Document parsing & data extraction with Mistral OCR, AI processing, and multi-channel delivery
Tired of manual data entry? Drowning in paper documents? The Sentinel OCR & Workflow Hub is your ultimate solution for transforming physical documents into actionable digital data, seamlessly and intelligently. This isn't just an OCR machine; it's a productivity powerhouse designed to revolutionize your workflow. Imagine this: Effortless Data Extraction: Simply feed documents into the Sentinel. Our state-of-the-art OCR technology accurately extracts text, numbers, and key information, even from complex layouts, invoices, receipts, and forms. Intelligent Automation with n8n: The Sentinel integrates flawlessly with n8n, the powerful low-code automation platform. This means endless possibilities!

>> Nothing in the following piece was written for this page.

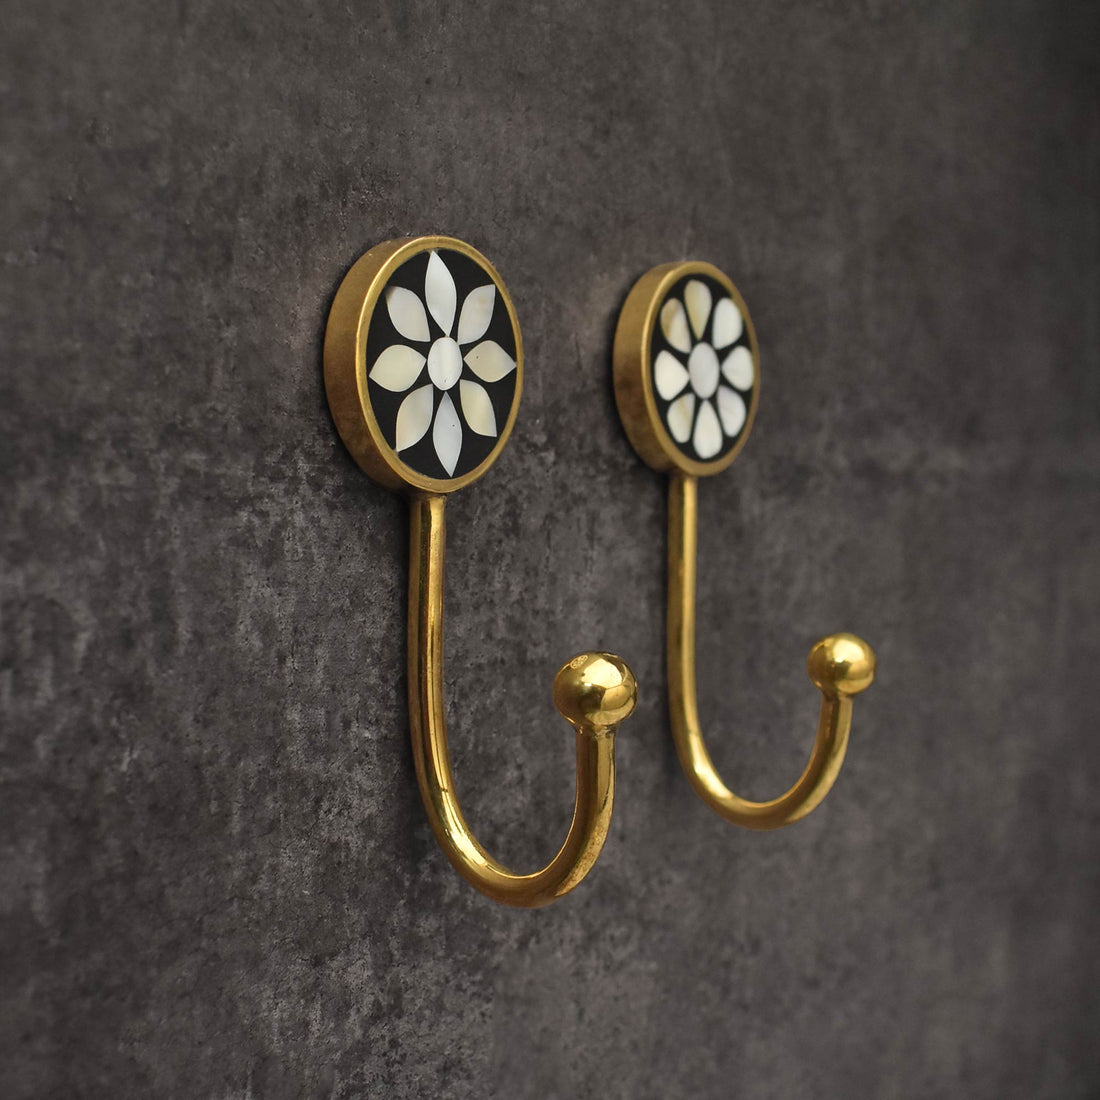 Decorative Brass Coat Hooks Wall Hooks Mother of Pearl Key Hooks Hangers  Wall Mount Towel Hook

Automatically route extracted data, trigger custom workflows, and connect to hundreds of other applications – all without a single line of code. Instant Communication, Crystal Clear: Gmail Integration: Have critical data or processed documents sent directly to your inbox or specific team members' inboxes, organized and ready for review. Say goodbye to searching through endless attachments! Telegram Notifications: Get real-time alerts and summaries of processed documents, data extraction statuses, or even flagged discrepancies, right on your Telegram app. Stay informed, even on the go! Boost Efficiency, Reduce Errors, Save Money: By automating data capture and distribution, the Sentinel dramatically reduces manual errors, frees up valuable staff time, and accelerates your business processes. Reallocate your resources to what truly matters. Scalable and Secure: Whether you're a small business or a large enterprise, the Sentinel grows with you. And with robust security features, your sensitive data is always protected. The Sentinel OCR & Workflow Hub is more than a machine; it's a strategic asset. Stop wasting time and resources on manual tasks. Start unlocking the true potential of your data today. Transform your documents. Transform your business. Choose the Sentinel.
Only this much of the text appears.